Uno dei libri che continuava a rileggere era la Recherche di Marcel Proust. In fondo, tutta la vita di Roberto Pazzi è stata un’inesauribile ricerca, un affresco di grandi domande, prima ancora che di granitiche risposte. "Fin da ragazzo c’è un pensiero che mi accompagna, quello della morte – ci aveva confidato in una conversazione di due anni fa –. “Perché sono nato se non per sempre?“, diceva Ionesco". Ma in fondo – aggiungeva – "senza la morte la vita sarebbe insopportabile, l’immortalità sarebbe la ripetizione di tutto". Quella morte che proprio ieri ha bussato alla sua porta: narratore, poeta, docente e giornalista, tradotto in 26 lingue, nonché apprezzato opinionista di Qn e Il Resto del Carlino, Roberto Pazzi si è spento all’ospedale della sua Ferrara, dove era ricoverato da una settimana.
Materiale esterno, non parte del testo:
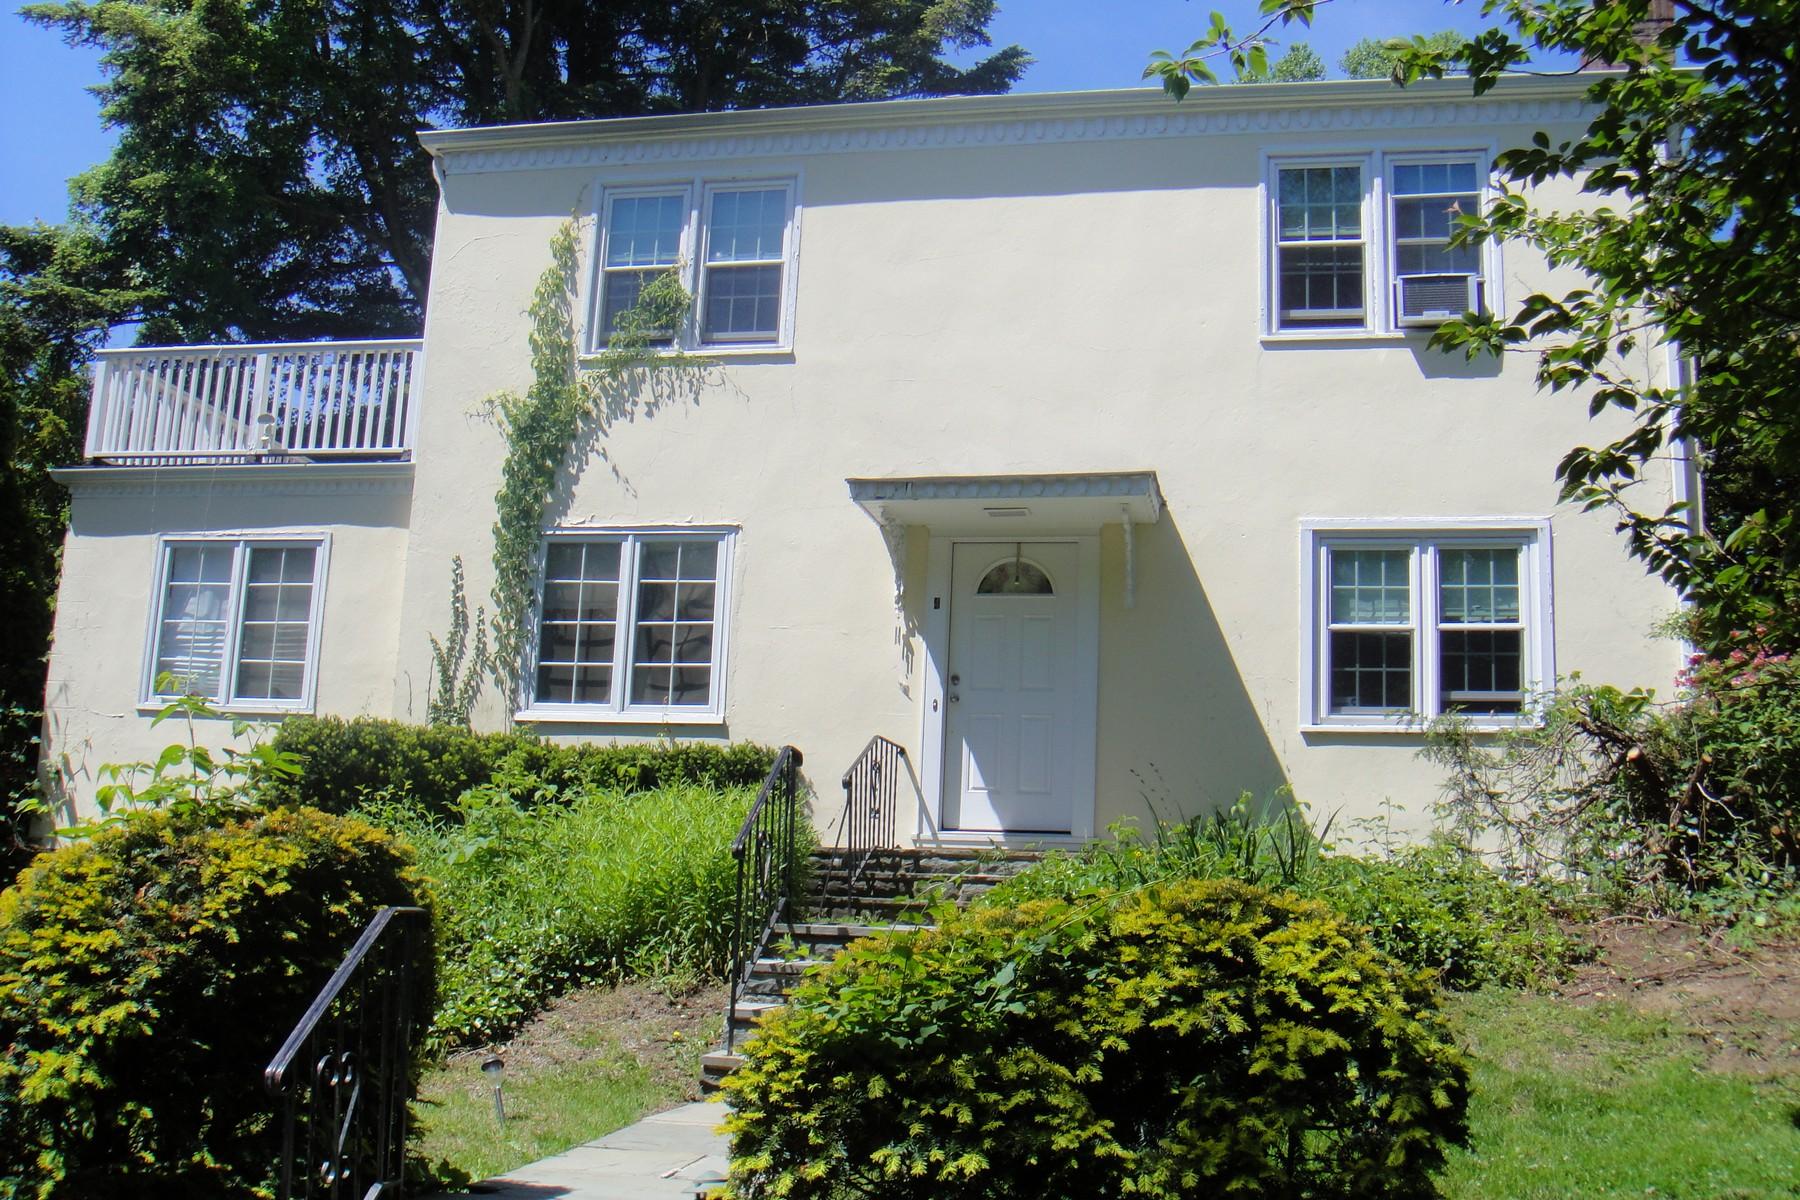 Частный односемейный дом для того Продажа на Colonial 4 Hewlett Rd Greenvale, Нью-Йорк, 11548 Соединенные Штаты

Aveva 77 anni.

Originario di Ameglia (La Spezia), Pazzi viveva a Ferrara da sempre. Si era laureato in Lettere a Bologna con Luciano Anceschi, ha insegnato nelle scuole superiori poi agli atenei di Ferrara e di Urbino. Le atmosfere antiche e metafisiche della città (dove ha fondato anche Itaca, scuola di scrittura creativa) lo accompagnavano e lo ispiravano: "Sono ironico, ariostesco, metà pagano, metà cristiano, metà incredulo e laico, metà mistico", si definiva. Un uomo animato da una profonda curiosità e inquietudine intellettuale che proprio nelle eterne domande trovava la sua chiave: "Sono incapace di restare nel gregge e di adeguarmi al consenso comune", diceva.
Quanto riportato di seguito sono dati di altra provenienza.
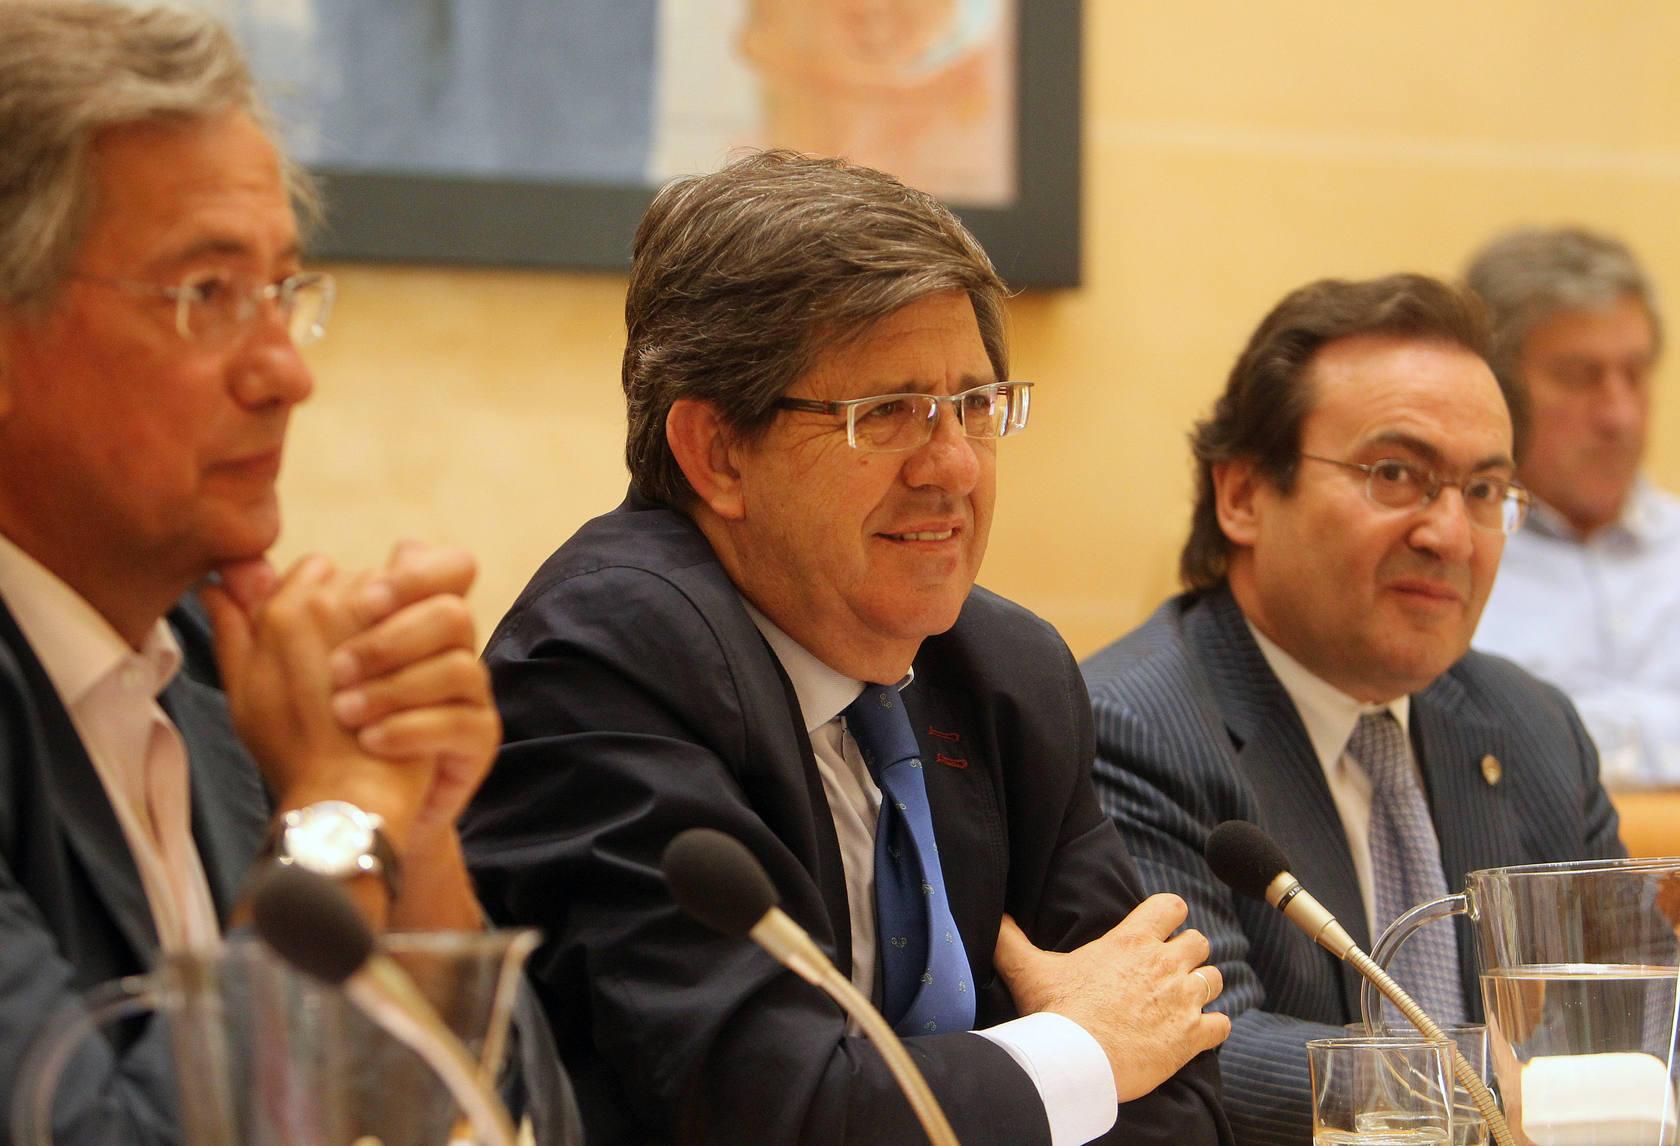 Pleno en el Ayuntamiento de Segovia 01.07.2013

Il sacro e la storia sono stati sempre i territori della sua “recherche“ che si è dipanata in più di trenta libri. Già negli anni ‘70 Roberto Pazzi pubblicò alcune raccolte in versi ma fu il suo esordio narrativo, con Cercando l’imperatore (edito da Marietti nel 1985), a renderlo amato dal grande pubblico. In quel romanzo, con la postfazione di Giovanni Raboni, Pazzi raccontava la rivoluzione russa dalla parte di chi l’aveva perduta, lo zar Nicola II e la dinastia dei Romanov: "Nel mio immaginario di poeta assetato di epica, prediligevo le cause dei perdenti – scrisse –. E chi più perdente dello zar, massacrato con i suoi giovani figli, come il nostro conte Ugolino? E senza nemmeno il processo che la Rivoluzione Francese concesse a Luigi XVI e Maria Antonietta".
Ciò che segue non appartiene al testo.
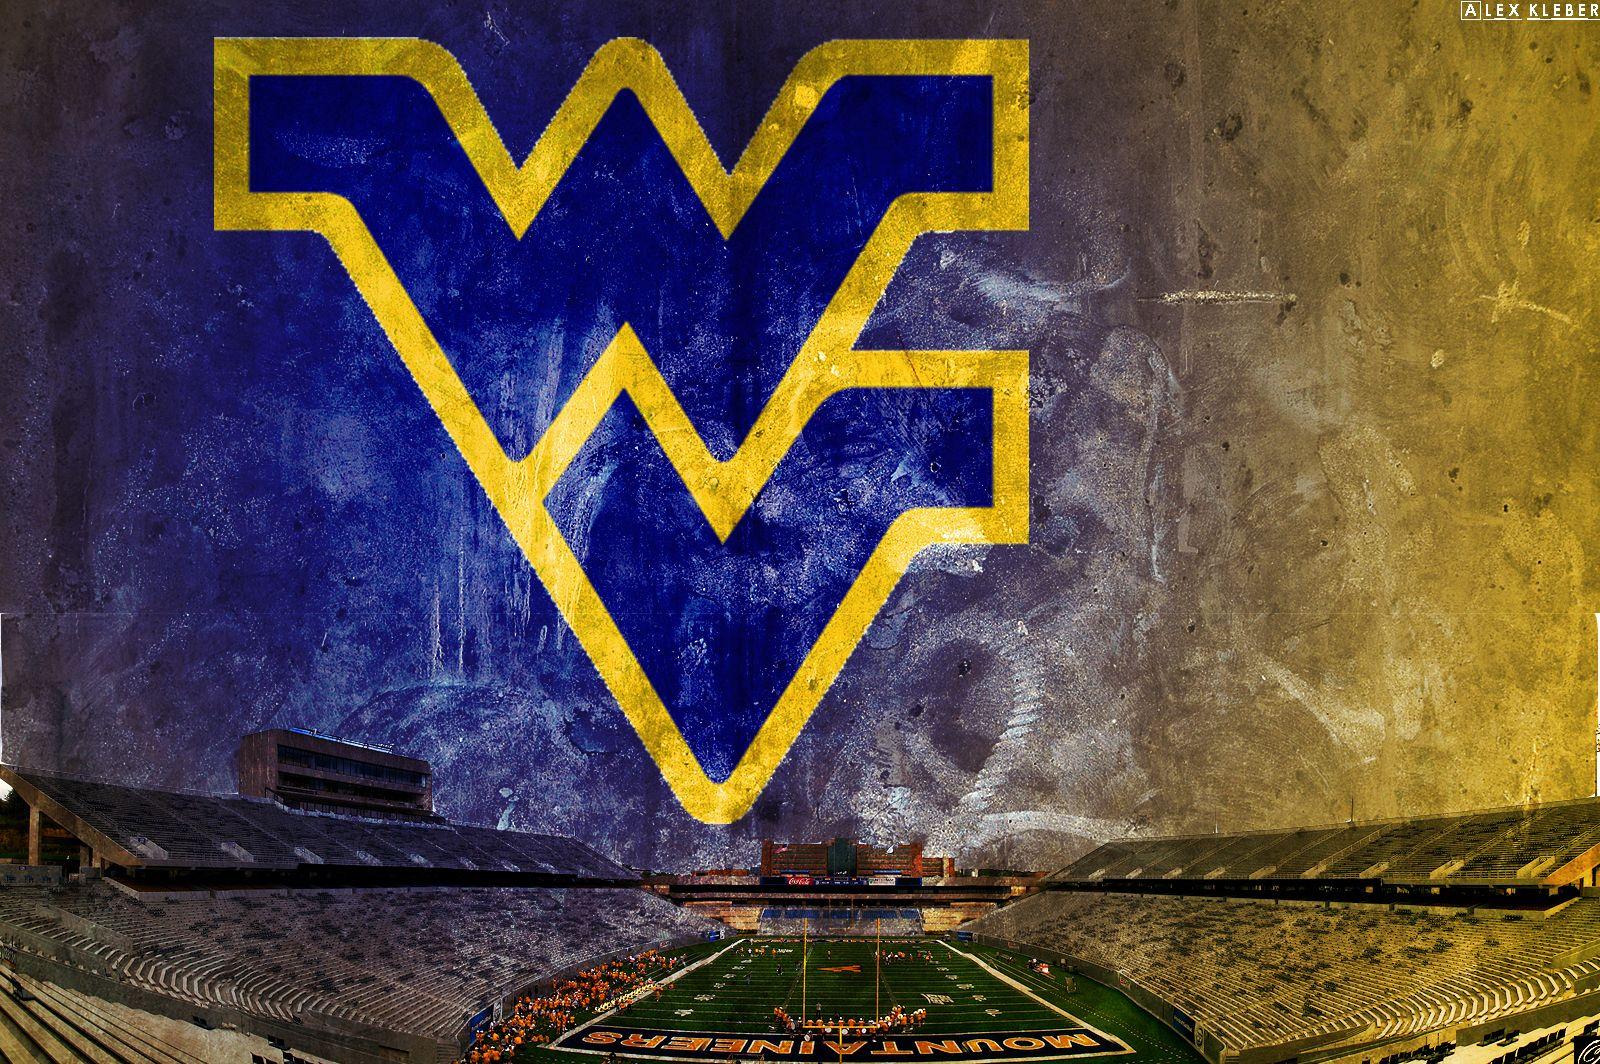 Wvu Wallpaper By Klebz On Deviantart Wvu Mountaineers Wvu Football West Virginia Mountaineers Football

Fra i suoi romanzi più famosi e premiati, Vangelo di Giuda del 1989, in cui affioravano anche le grandi questioni su Cristo e sulla Chiesa, o Conclave del 2001, storia della tormentata elezione di un nuovo Pontefice, quasi ad aprire la strada a quell’ Habemus Papam che Nanni Moretti avrebbe raccontato al cinema dieci anni dopo. E Hotel Padreterno, pubblicato due anni fa, in cui Roberto Pazzi immaginava che Dio scendesse sulla Terra, in Italia, per immergersi nella vita della sua creature, nel Bene e nel Male: "Personalmente credo in Dio ma non sono sicuro che sia come ce lo consegnano le religioni monoteistiche", ammetteva lo scrittore.

Quasi come un’ultima mozione degli affetti, proprio fra pochi giorni La Nave di Teseo manderà in libreria La doppia vista, il romanzo che Roberto Pazzi ha completato appena poche settimane fa: la storia di uno scrittore che si sveglia una mattina in uno stato di grande confusione, non ricorda più chi sia, e inizia a confondere i suoi personaggi con le persone che più ha amato nella vita. Nella sua “doppia vista“ le invenzioni letterarie si sovrappongono agli affetti privati, l’immaginato diventa vissuto. "Caro Roberto, amico di una vita – è il pensiero che Elisabetta Sgarbi ha dedicato allo scrittore –. Te ne sei andato quando è arrivato il tuo ultimo, finale libro: uno scambio tra vita e vita, tra vita terrena e vita letteraria, che ha eluso la morte, scambio di cui solo i veri scrittori sono capaci. Ci costringerai a parlare non della tua assenza, ma della tua presenza nelle tue pagine letterarie. Hai voluto così".